Why is summer hotter in the north, and the winter colder in the south?

What is the cause of such changes? An immediate answer goes to the accumulation of Green House Gas (GHG) that tends to absorb and emit radiation in the atmosphere. But since GHG has always existed on the planet earth, there must be an external reason for this the series of changes. And that reason, most likely is us humans.


As conquerors and consumers of the material world, humans emit an excessive amount of GHG to generate power for direct consumption and to produce goods and services.  There are two ways to quantify the emission of GHG: CO2 equivalent by Production per capita, and CO2 equivalent by Consumption per capita; the two terms represent different metrics to quantify the impact of GHG on the atmosphere. (Click here to see the breakdown of GHG in the atmosphere)

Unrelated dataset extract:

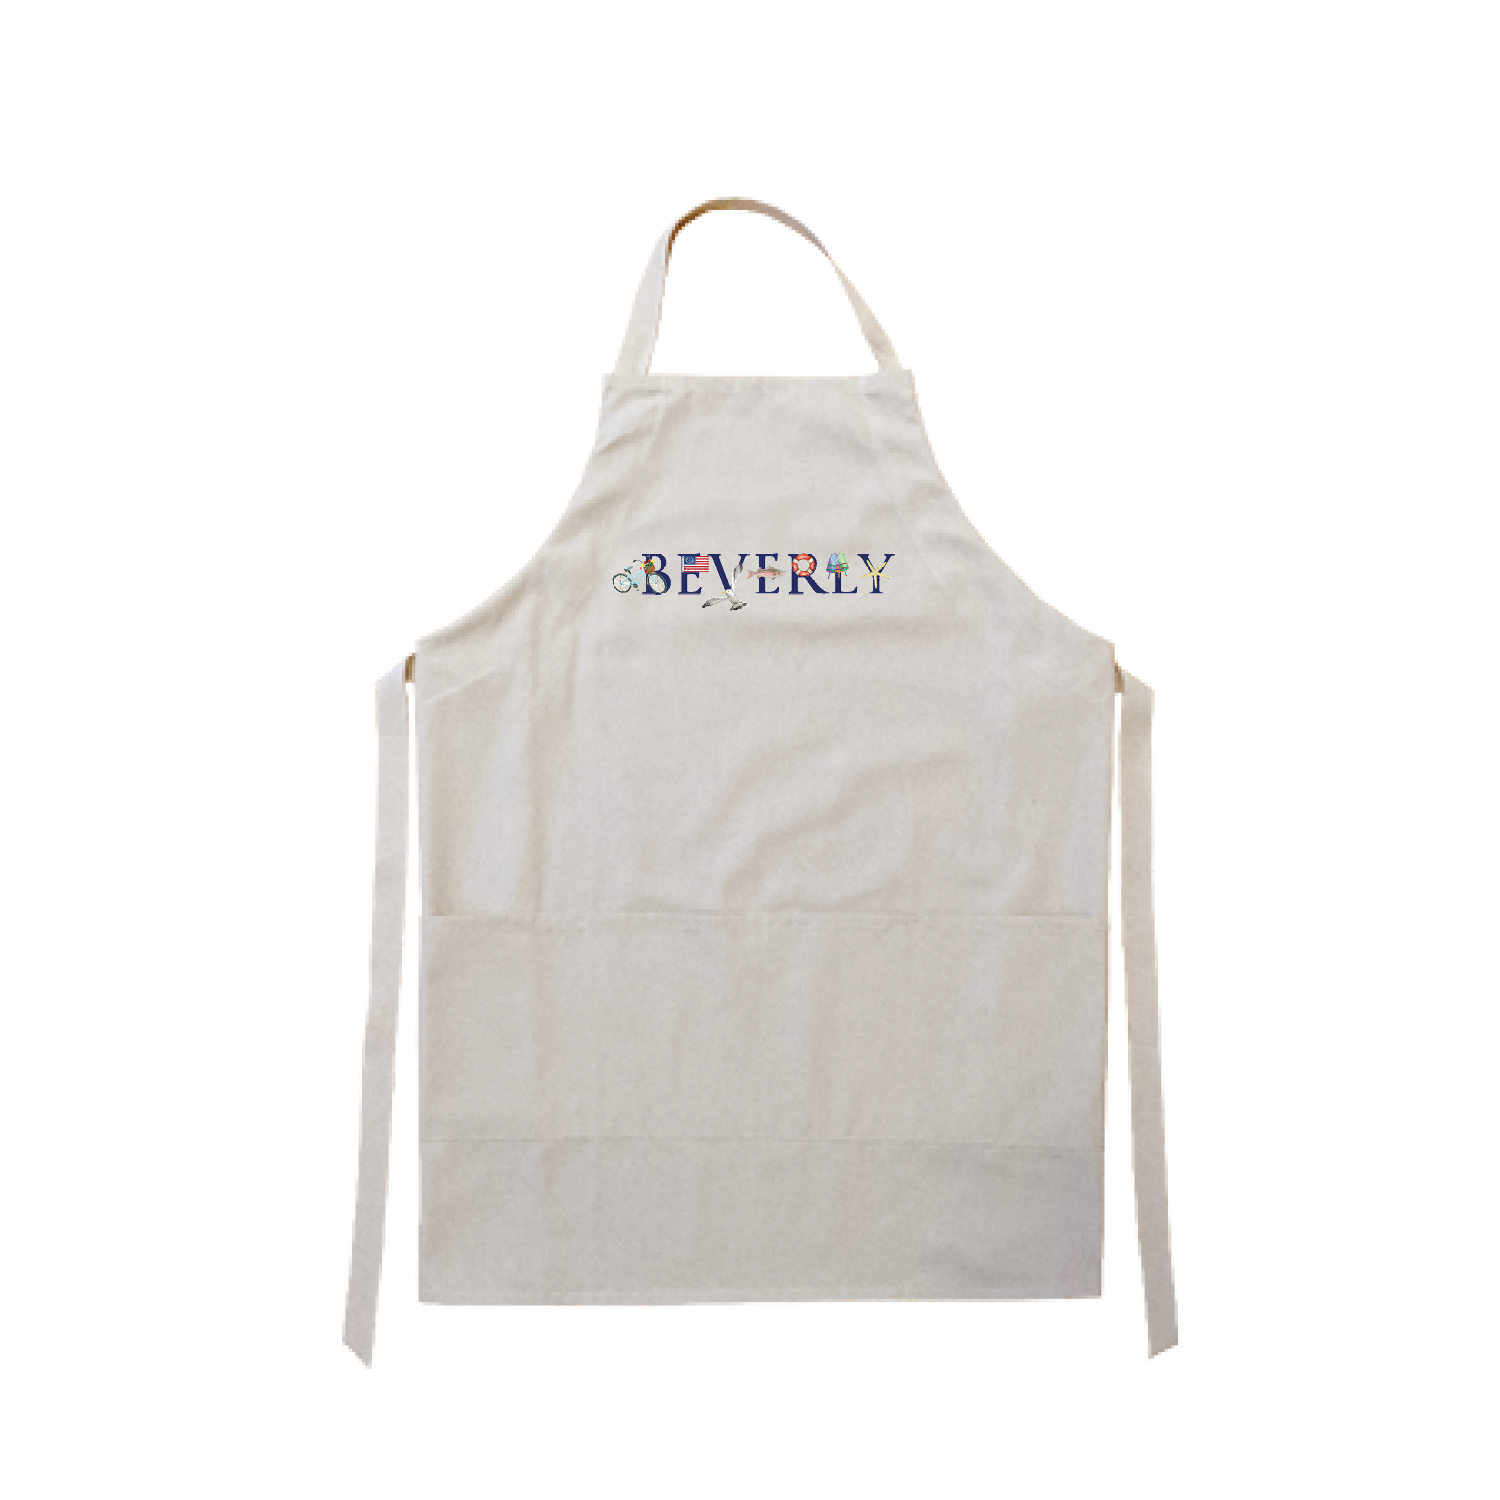 beverly apron

The first method measures the per capita level of total carbon emission during the production process within a geographic border. It is the most commonly used measurement. However, measuring emission based on production ignores the fact that in many cases, producers and consumers are geographically spread out in a highly globalized world.

Therefore, by reallocating the amount of carbon emission during the production process to the final users of the goods and services, the second method provides better measurement as well as additional insights on the subject of Consumerism and Global Warming.

And as a matter of fact, we do see a clearer positive relationship between Carbon Emission (per capita) and National Income (GDP per capita, a proxy for consumption) if we select CO2 based on final demand rather than CO2 based on production. (See Figure 3 and Figure 4)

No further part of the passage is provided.